Unification of Gravity and Standard Model: Weyl-Dirac-Born-Infeld action

TL;DR

This paper develops a unified quantum gauge theory combining gravity and the Standard Model within Weyl geometry, introducing a novel Weyl-Dirac-Born-Infeld action that is mathematically well-defined in non-integer dimensions and predicts gravity as a UV regulator.

Contribution

It constructs a new Weyl-Dirac-Born-Infeld action unifying gravity and the Standard Model, invariant in non-integer dimensions, and predicts gravity as a natural UV regulator.

Findings

WDBI action is mathematically well-defined in $d=4-2\epsilon$ dimensions.

The theory recovers SM and Einstein gravity in specific symmetry-breaking phases.

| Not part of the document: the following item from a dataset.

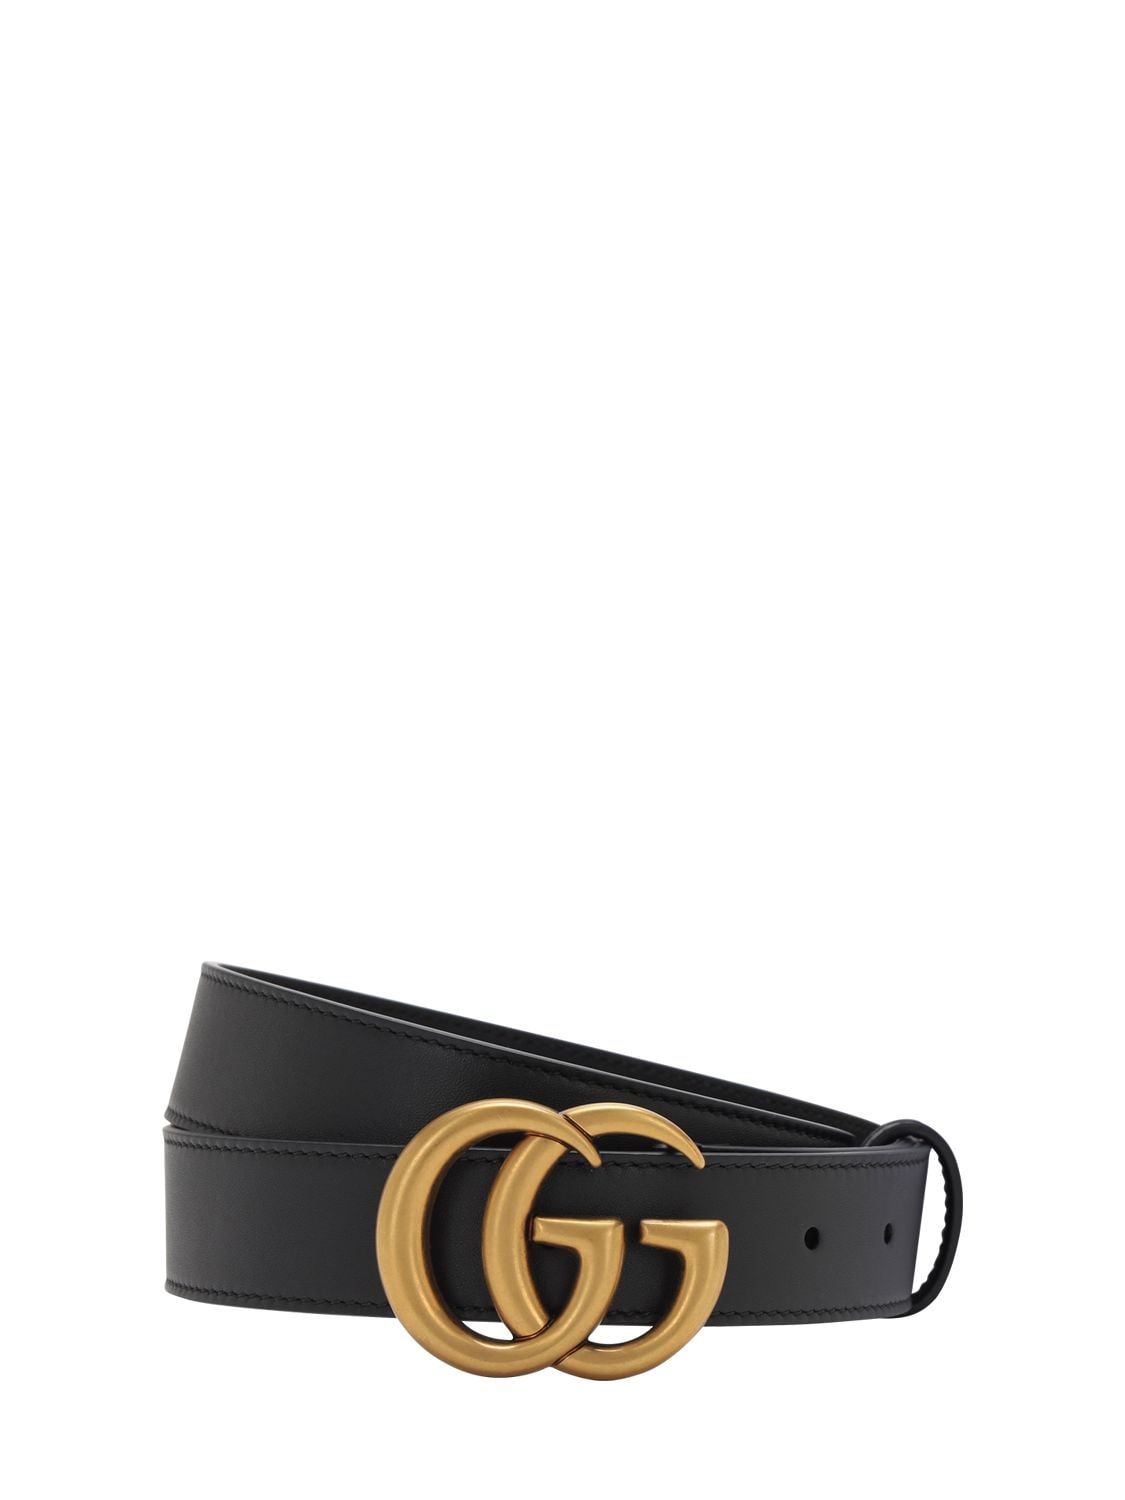 Smøre Næb Folkeskole Gucci - 3cm gg gold buckle leather belt - Black | Luisaviaroma

Gravity acts as a UV regulator for SM and gravity itself.

Abstract

We construct a unified (quantum) description, by the gauge principle, of gravity and Standard Model (SM), that generalises the Dirac-Born-Infeld action to the SM and Weyl geometry, hereafter called Weyl-Dirac-Born-Infeld action (WDBI). The theory is formulated in $d =4-2\epsilon$ dimensions. The WDBI action is a general gauge theory of SM and Weyl group (of dilatations and Poincar\'e symmetry), in the Weyl gauge covariant (metric!) formulation of Weyl geometry. The theory is SM and Weyl gauge invariant in $d=4-2\epsilon$ dimensions and there is no Weyl anomaly. The WDBI action has the unique elegant feature, not present in other gauge theories or even in string theory, that it is mathematically well-defined in $d=4-2\epsilon$ dimensions with no need to introduce in the action a UV regulator scale or field. This action actually {\it predicts} that gravity, through (Weyl covariant) space-time curvature $\hat R$, acts as UV regulator of both SM and gravity in $d=4$. A series expansion of the WDBI action (in dimensionless couplings) recovers in the leading order a Weyl gauge invariant version of SM and the Weyl (gauge theory of) quadratic gravity. The SM and Einstein-Hilbert gravity are recovered in the Stueckelberg broken phase of Weyl gauge symmetry, which restores Riemannian geometry below Planck scale. Sub-leading orders are suppressed by powers of (dimensionless) gravitational coupling ($\xi$) of Weyl quadratic gravity.